I very much appreciate this article. There has been a lot of chatter about the letter from Malloy so getting the background and rationale is very helpful. Thanks!
Excellent and informative, as usual. I was not aware of the Raftelis report – and will read it.
Thanks to LexObserver and Sophie for this thorough and valuable report. I signed the petition but was unable to attend the Monday meeting, so I have been eager to hear about the Select Board’s response. I’m glad to learn that so many other Lexington residents rallied to make sure we consider carefully any changes in committee governance, particularly in such sensitive areas as sustainability.

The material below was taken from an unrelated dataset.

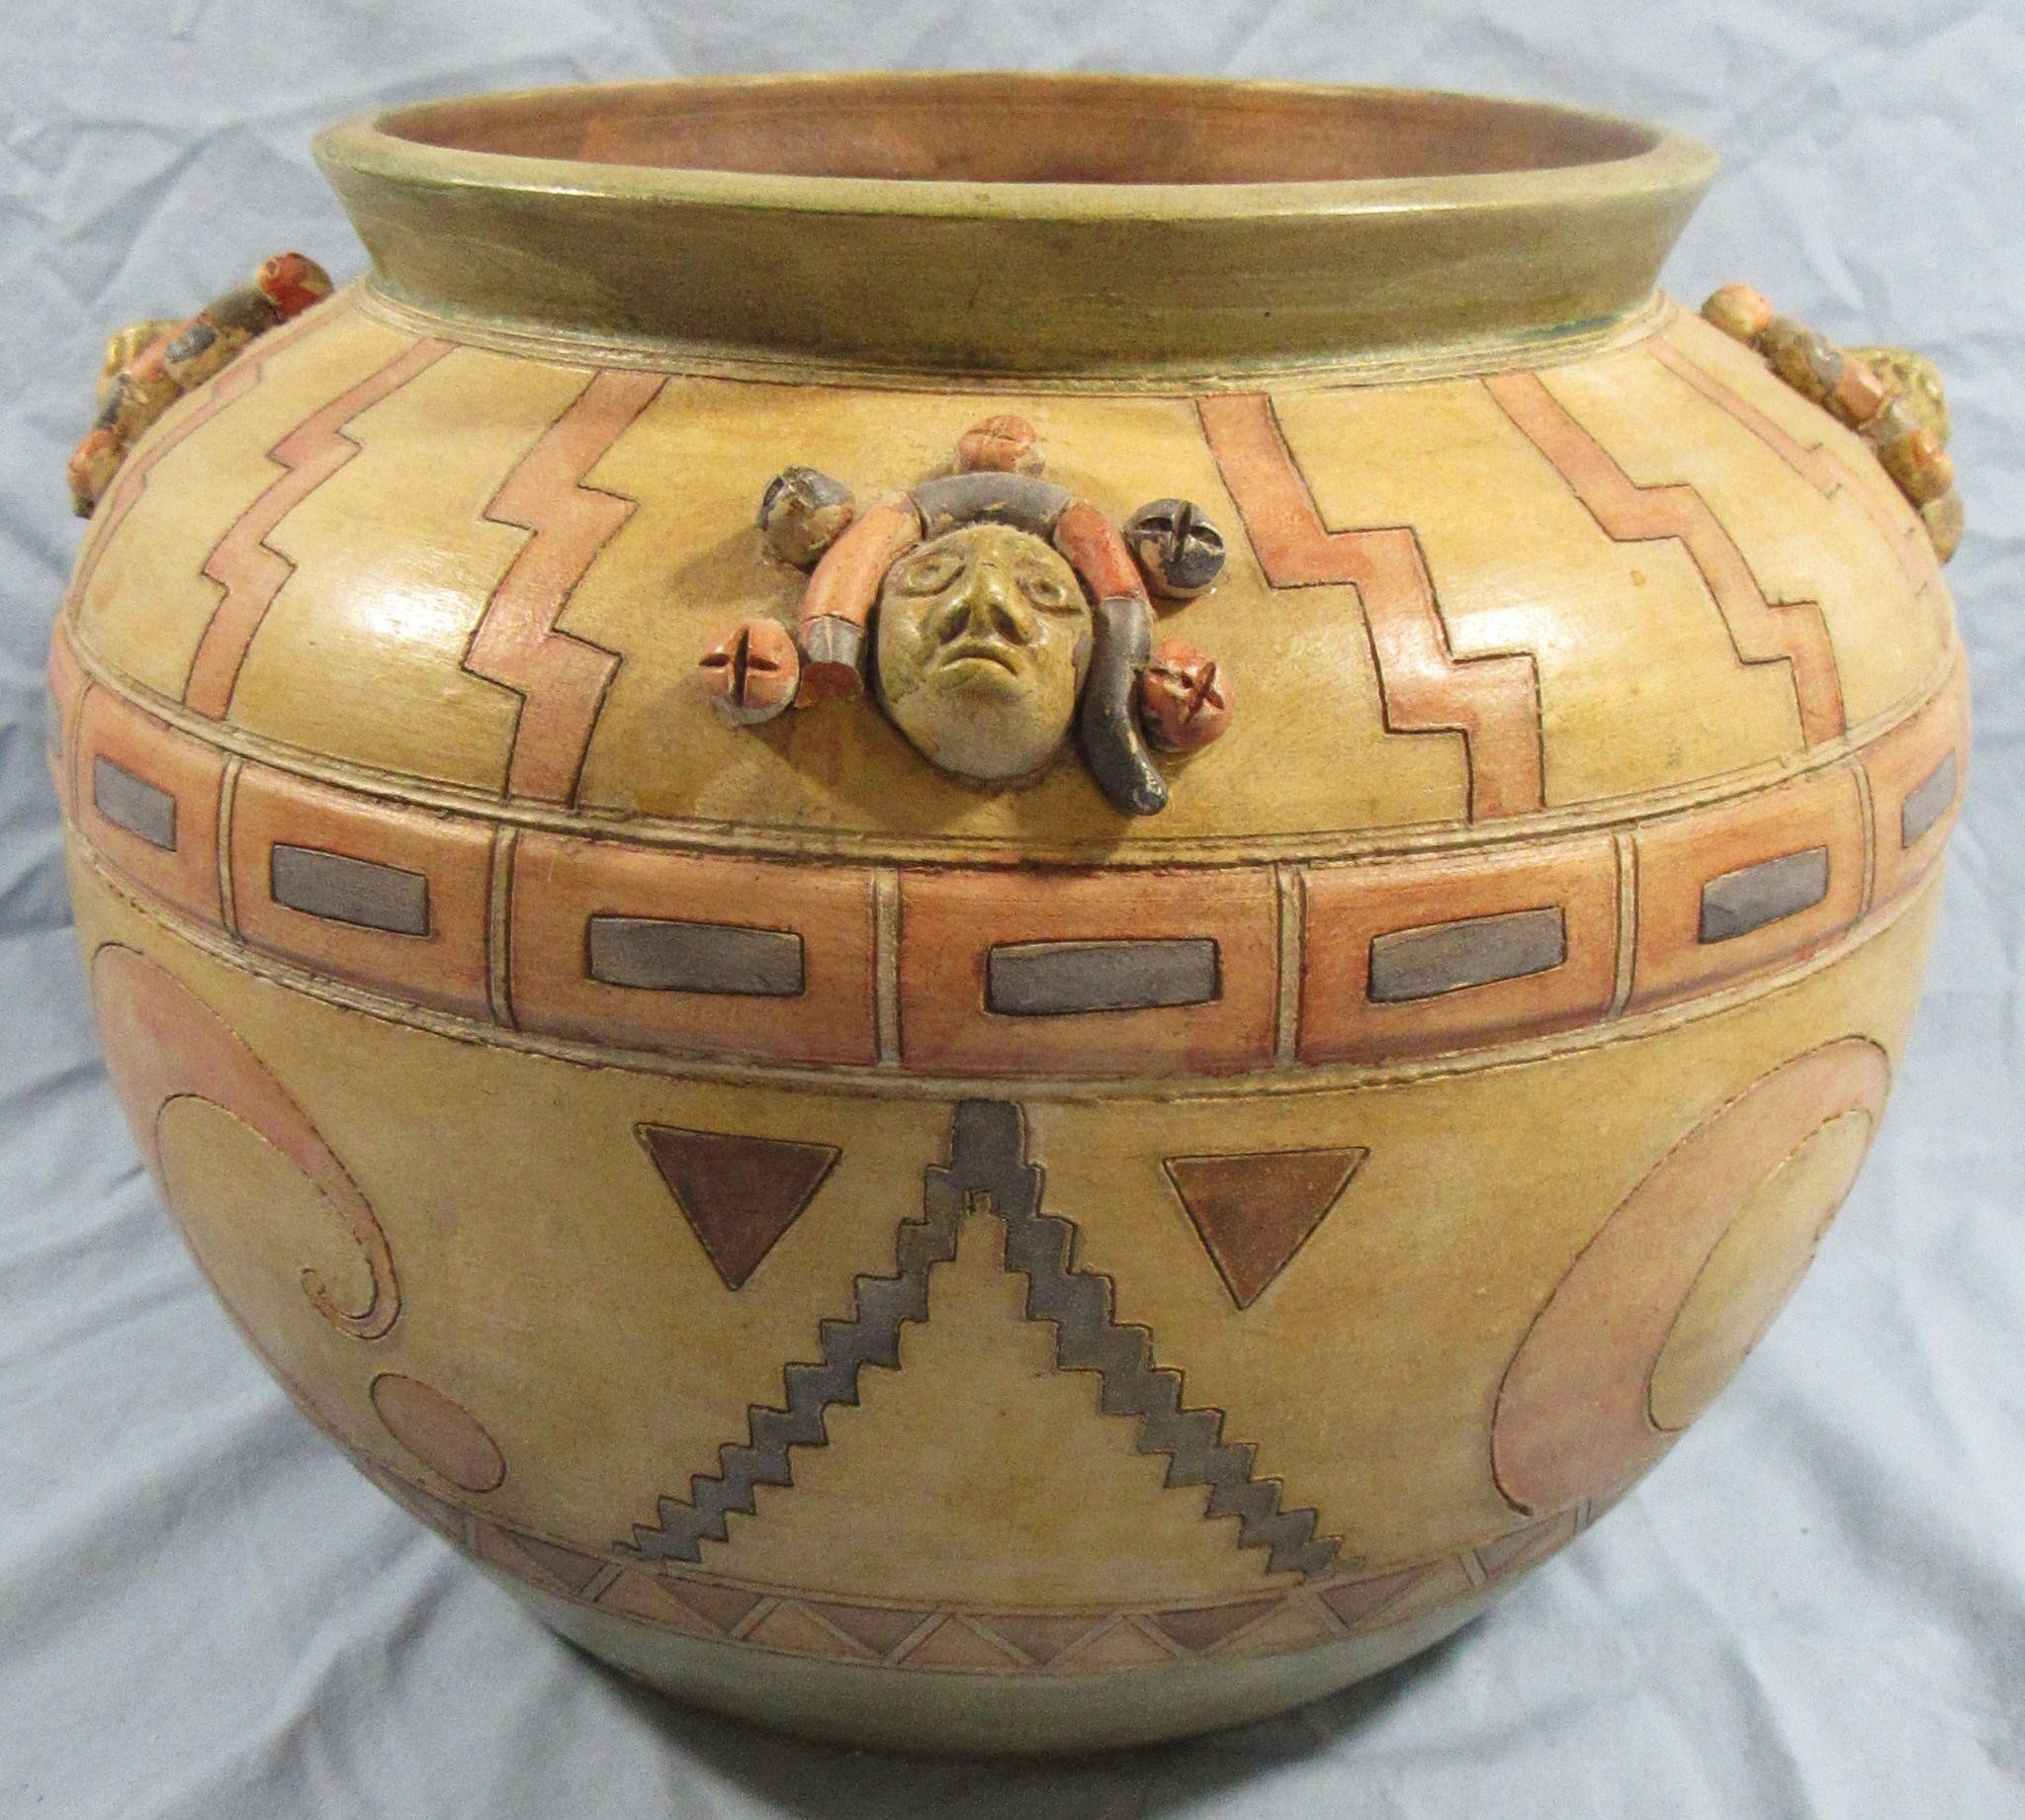 NATIVE AMERICAN STYLE BRASSCASTERS CLAY POT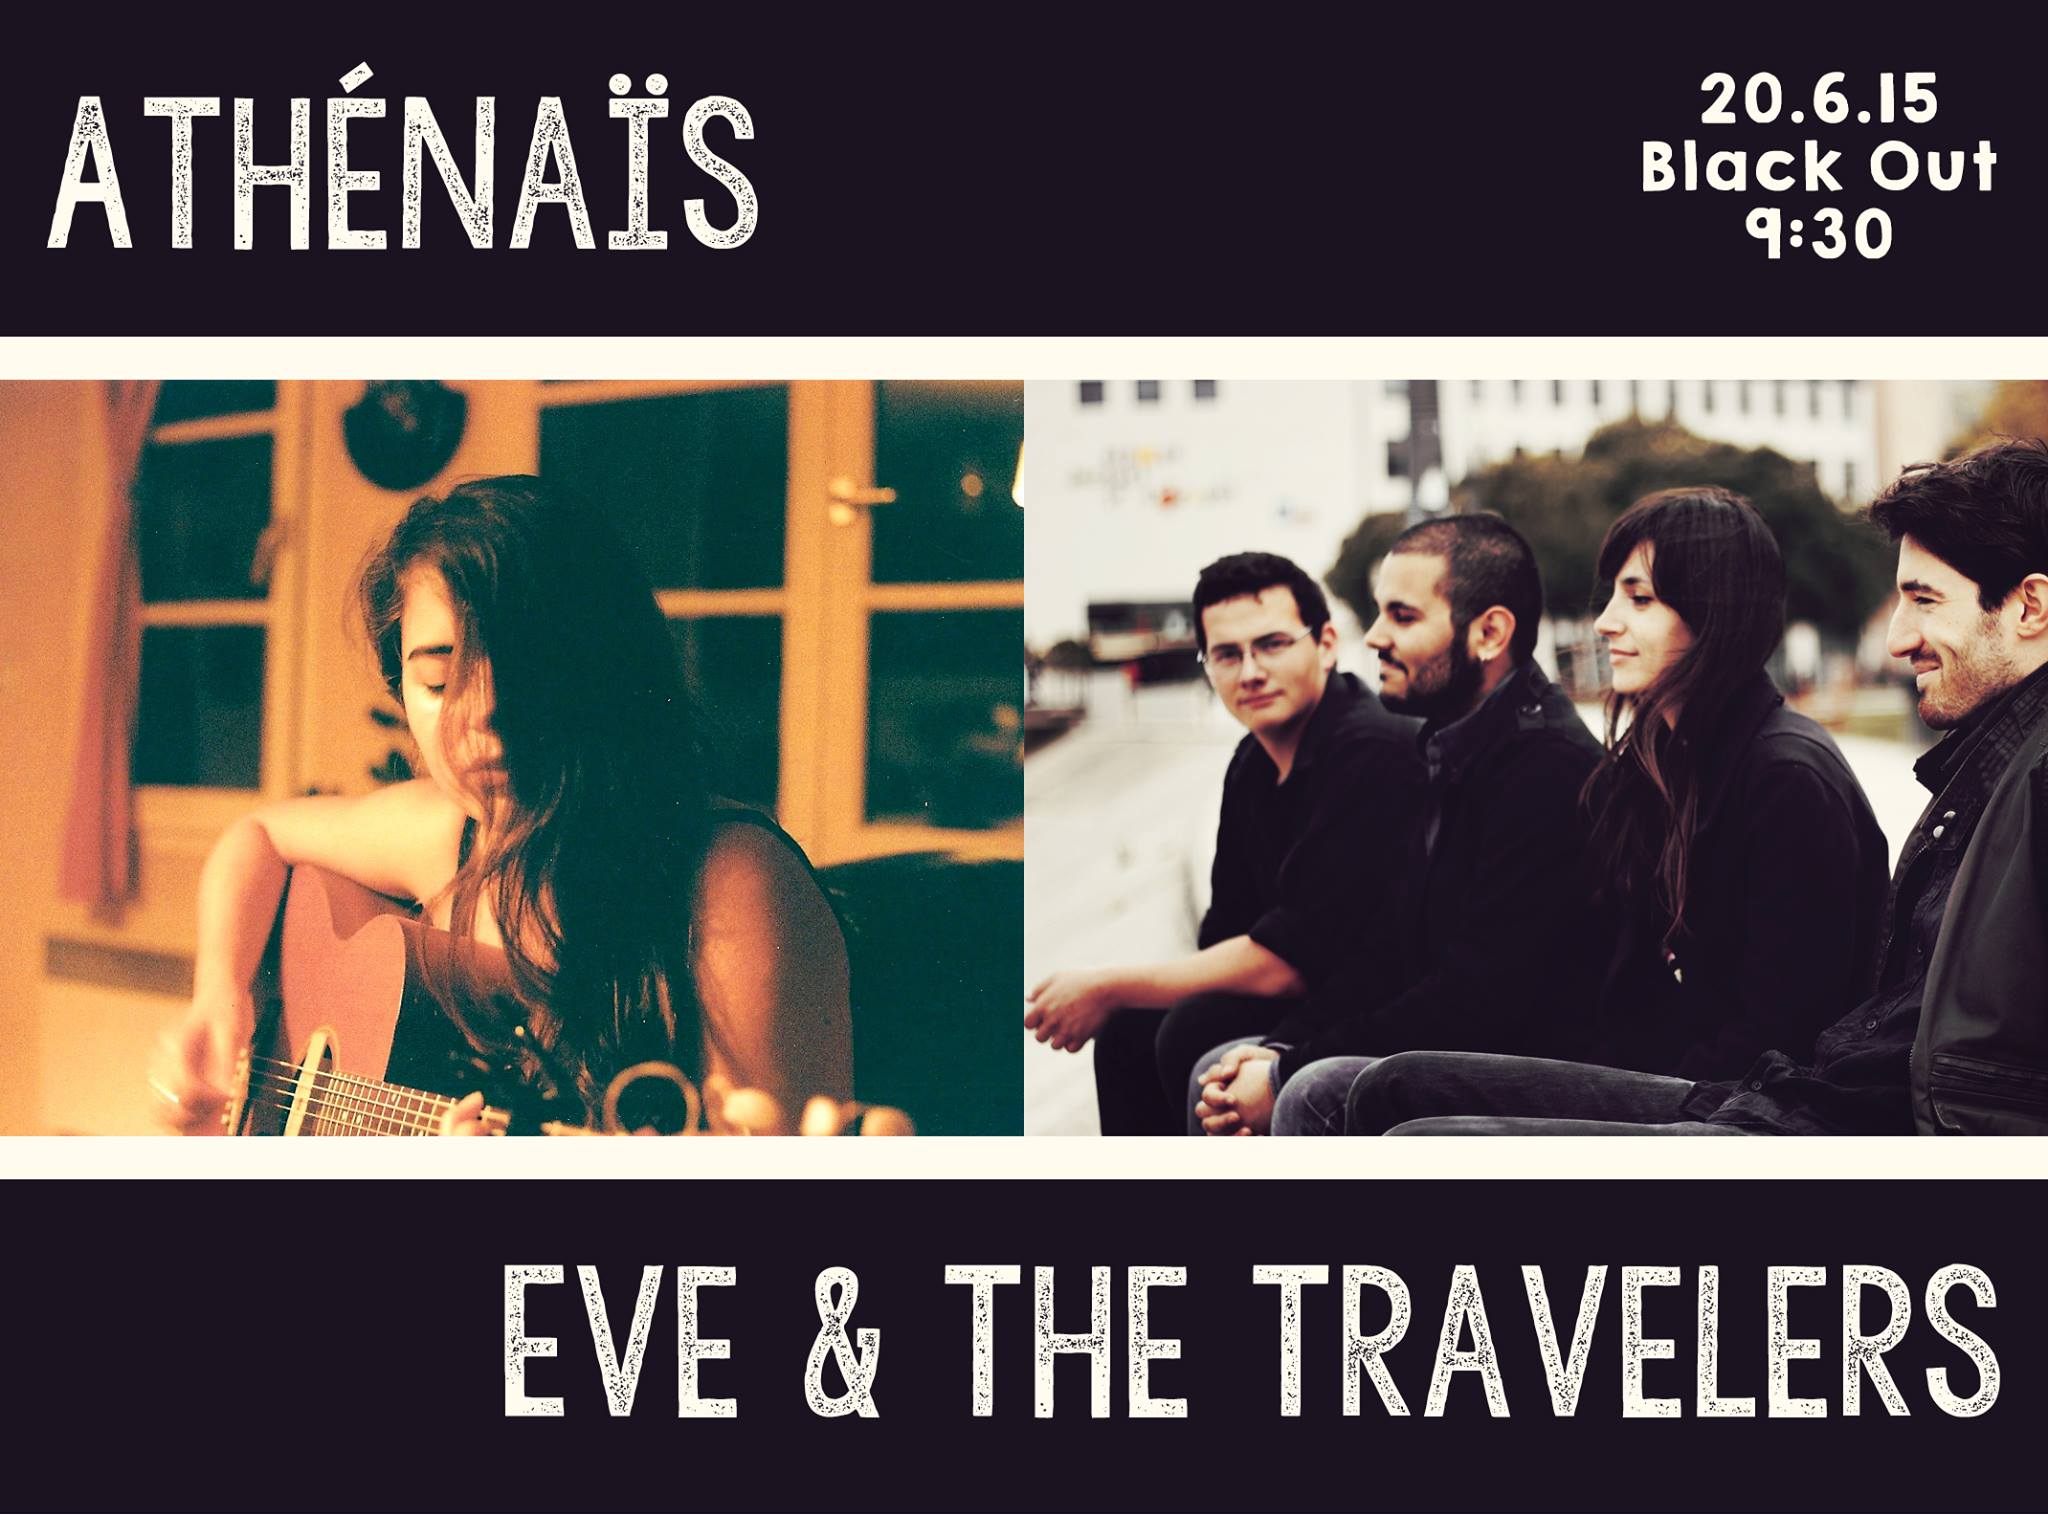 Athenaie, Eve and the travelers, Black Out.jpg

Thank you for a clear explanation about the issues surrounding committee status. There was a lot of flurry and it was a bit alarmist. This article helps me get a better perspective on the issues.
Thank you so much
Wish I knew about and gotten and read the Raftelis report
Reading your comments makes me feel that every one is wishing well but hopefully when such interesting report comes out in future that citizens and specially town members and members of boards are aware of it
Most likely was done but may be I did not look at it
Thank you again
Dinesh Patel
Precinct 6 tm
I just read the Raftelis report. While the implication is that committee work is onerous and time consuming, the alternative is having a less involved citizenry. A centralized bureaucracy may be more efficient, but it is not more democratic. I saw no mention of the immeasurable benefit to community cohesion that direct involvement provides. Just because it isn’t easily measured does not mean it is without value.
I am appreciative of the Lexington Observer, as the transparency of Lexington town government has suffered without local reporting, and has already increased.